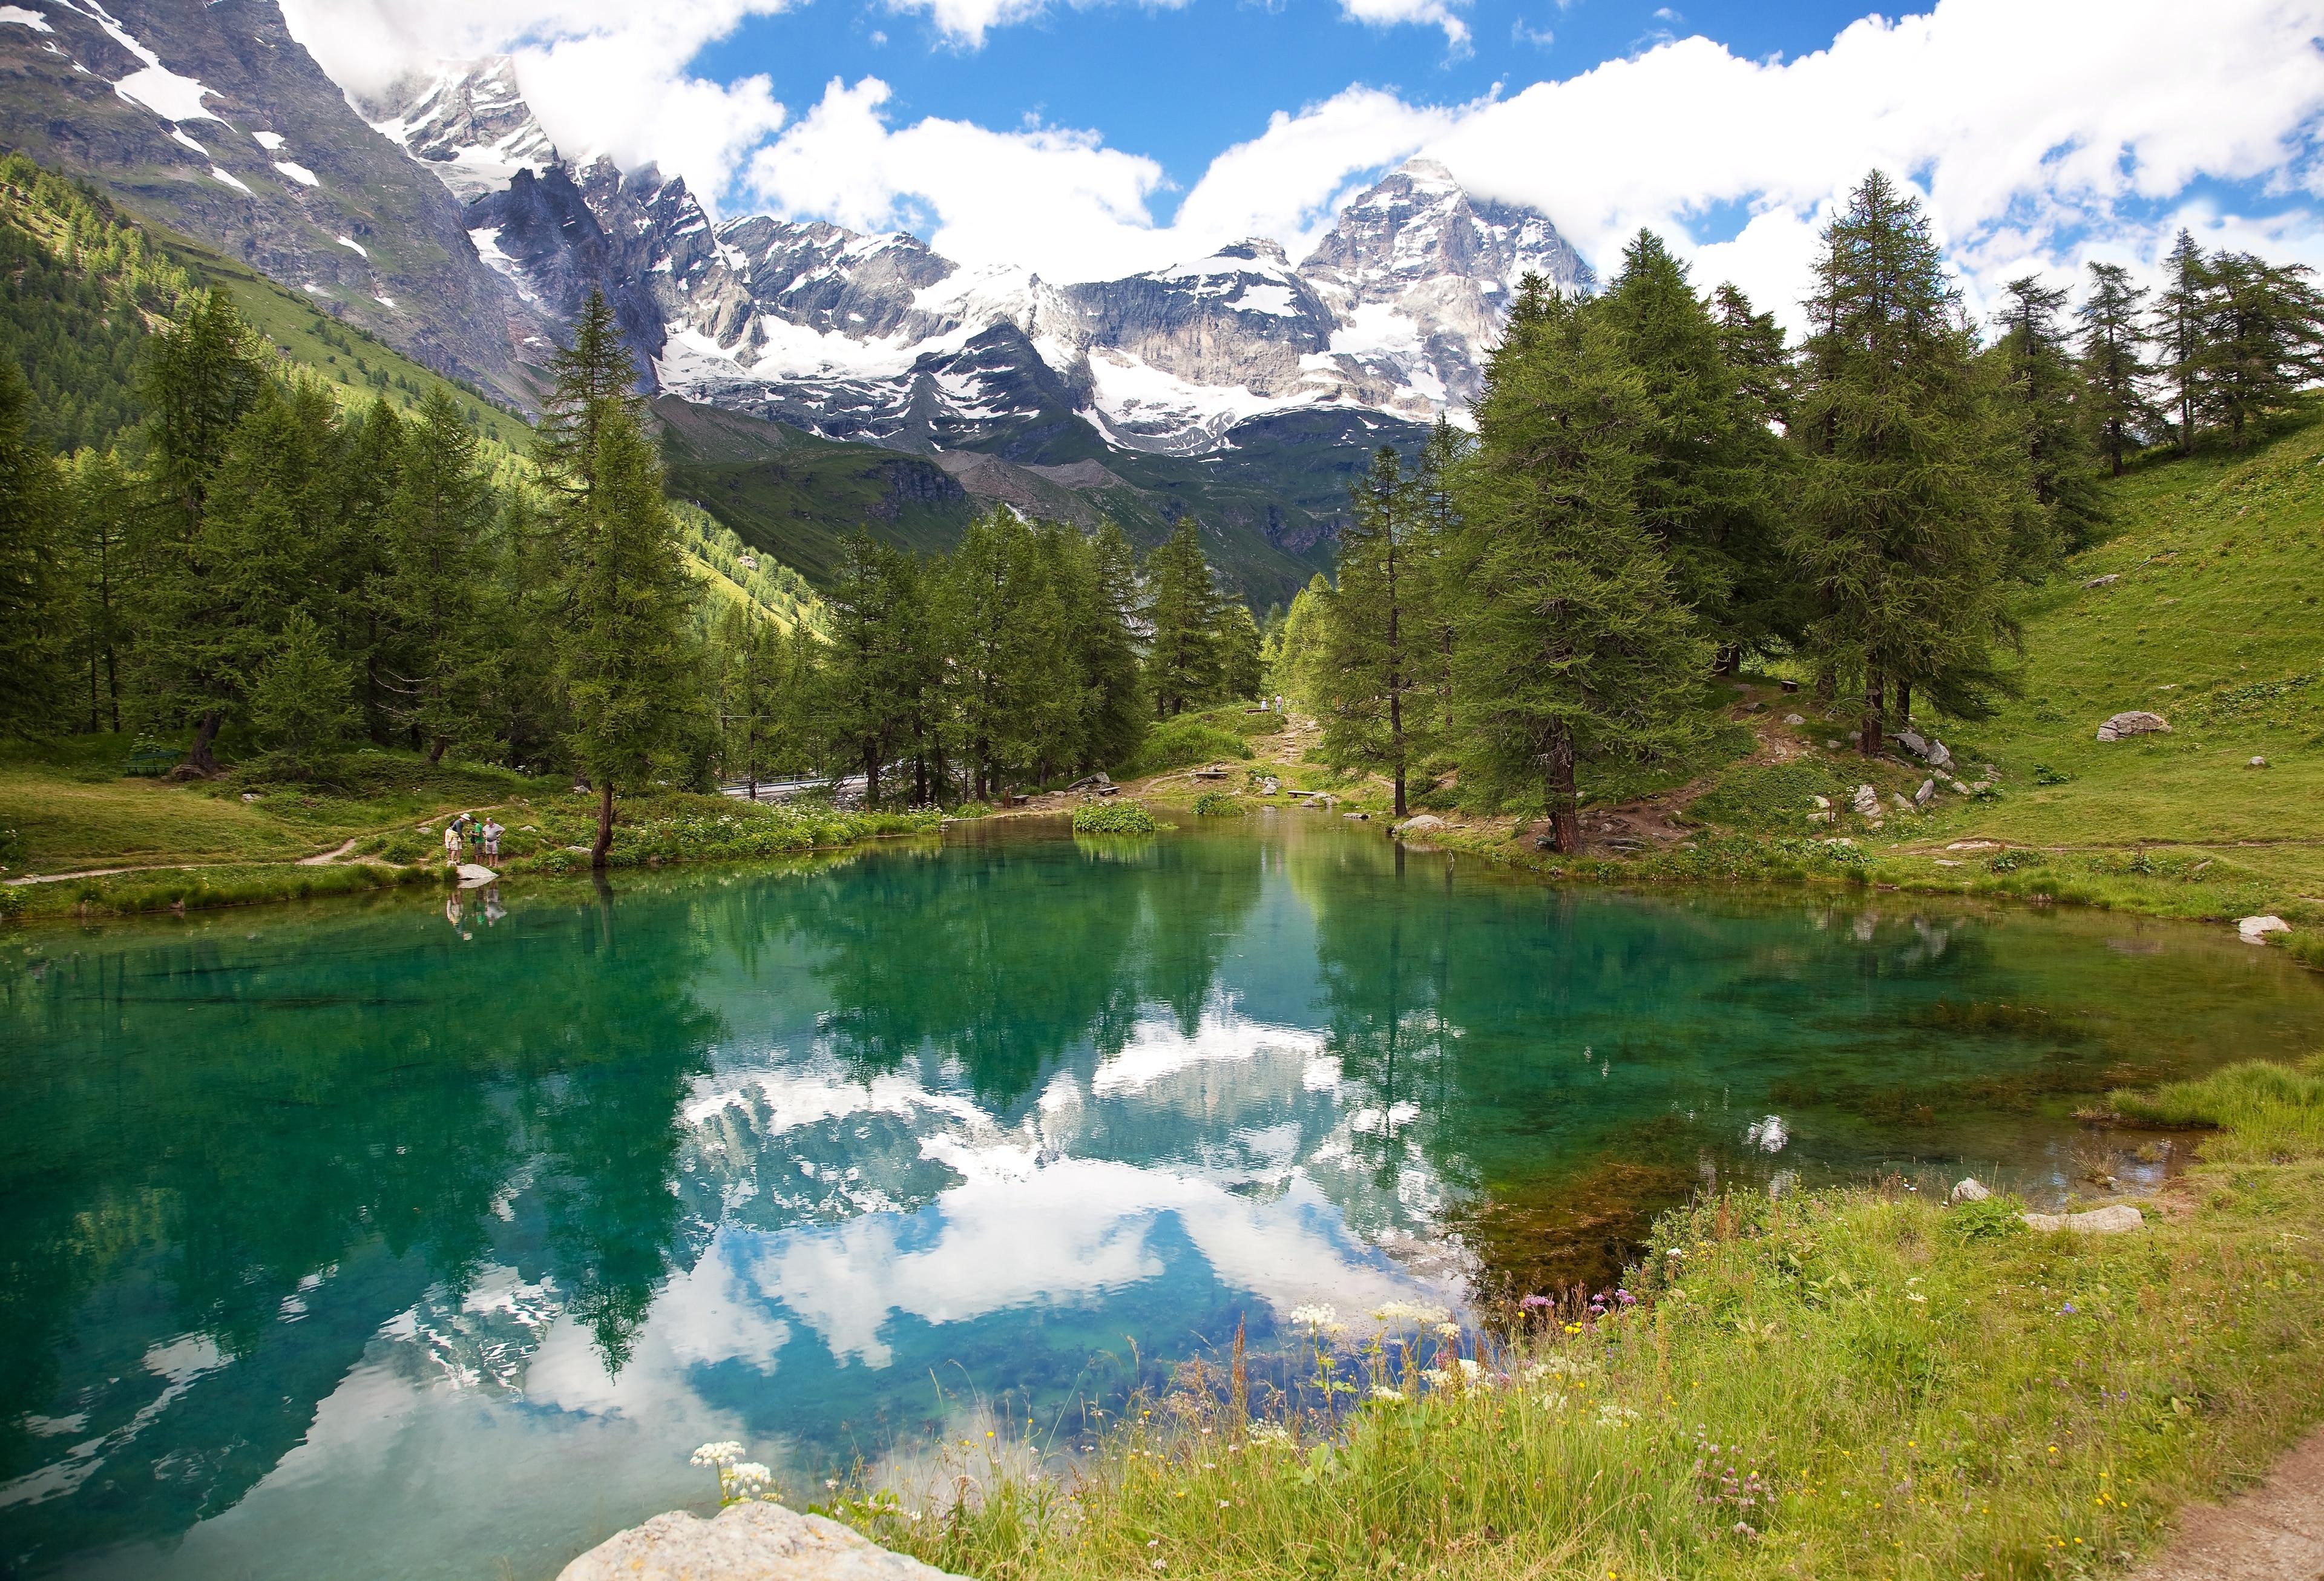 Skigebiet Breuil-Cervinia, Valtournenche, Aostatal, Italien
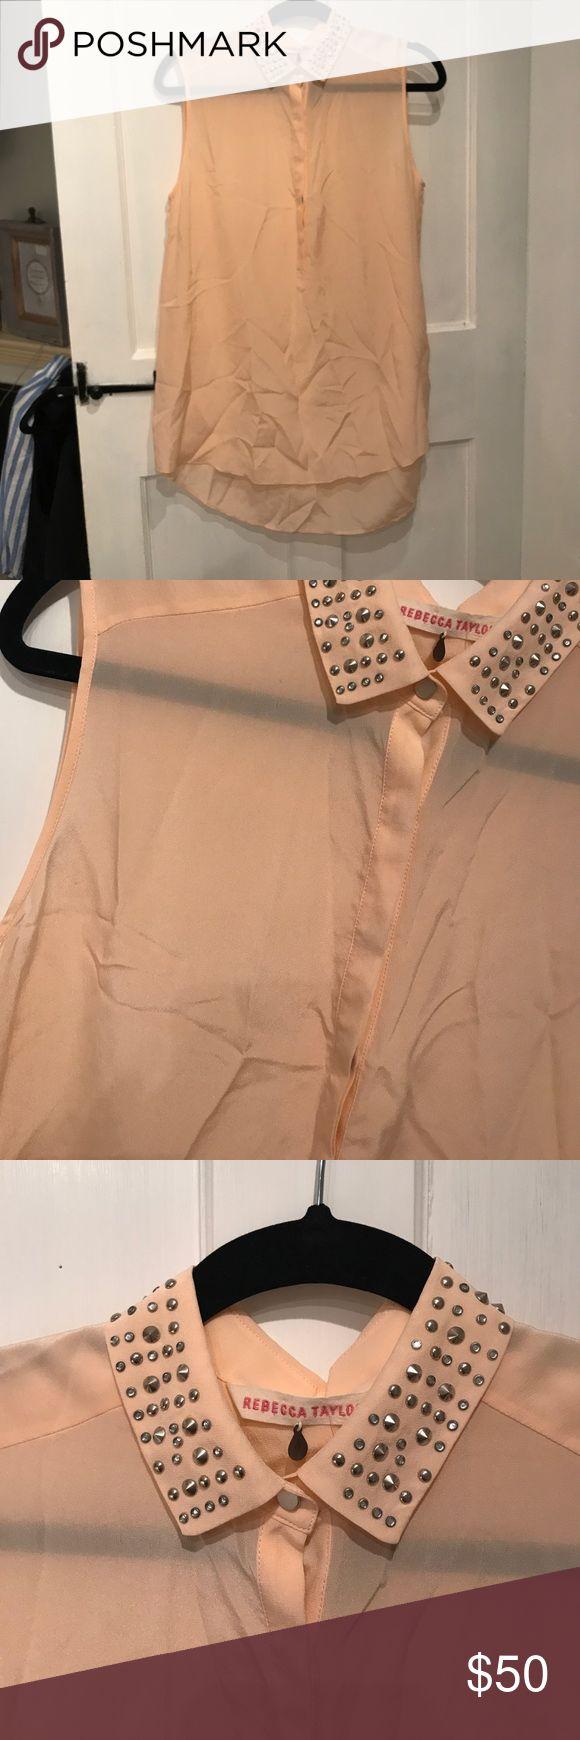 Rebecca Taylor Silk Blouse Orange And Pink 65
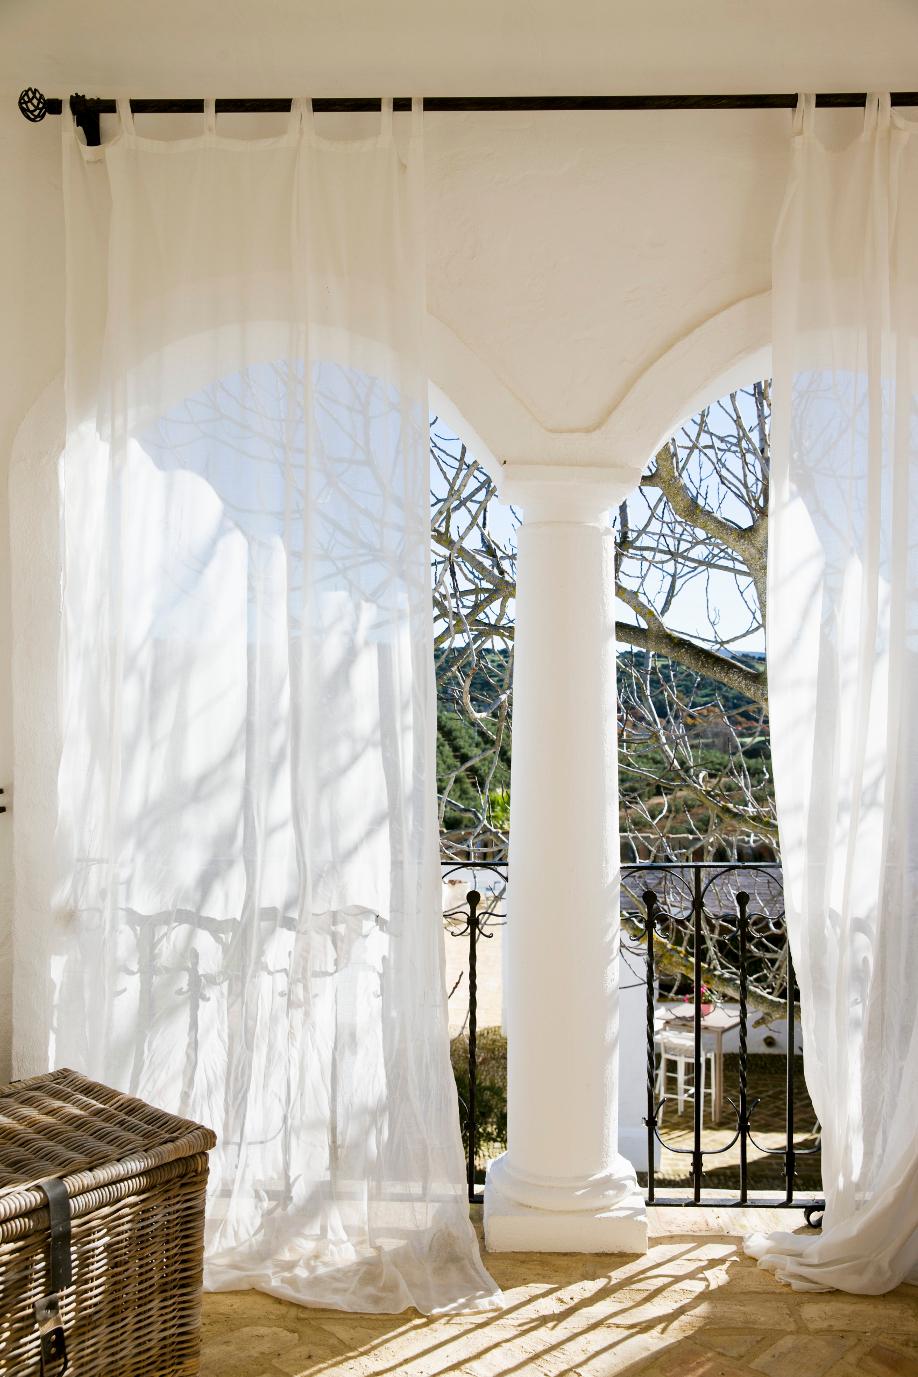 westwing-weiß-vorhang
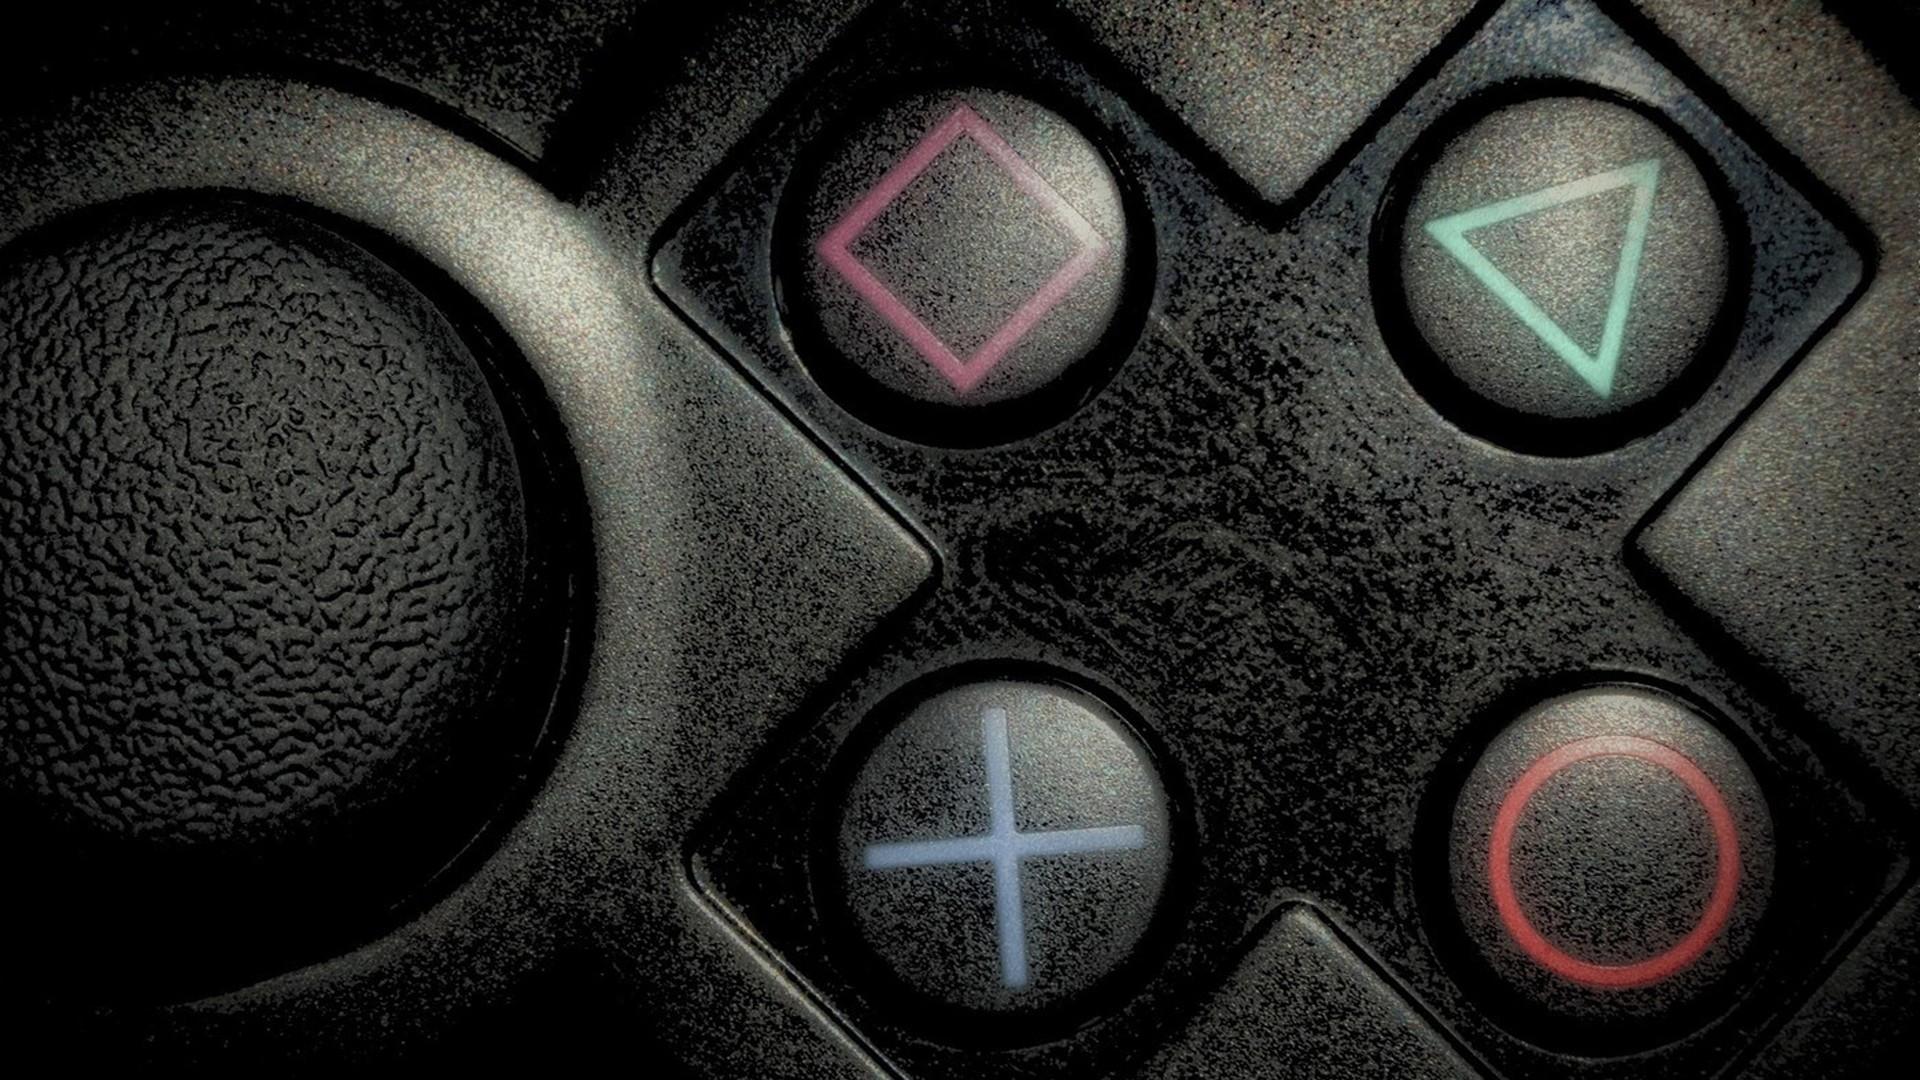 lantern Wallpaper, Playstation 3 Wallpapers, Games Desktop Wallpapers .

■ ■ ■ ■ ■ ■ ■

__TASK STATEMENT__.
Print the data above in full and exactly as it appears, skipping the pictures.

__WRITTEN RESPONSE__.
 Skigebiet Breuil-Cervinia, Valtournenche, Aostatal, Italien
 Rebecca Taylor Silk Blouse Orange And Pink 65
 westwing-weiß-vorhang
 lantern Wallpaper, Playstation 3 Wallpapers, Games Desktop Wallpapers .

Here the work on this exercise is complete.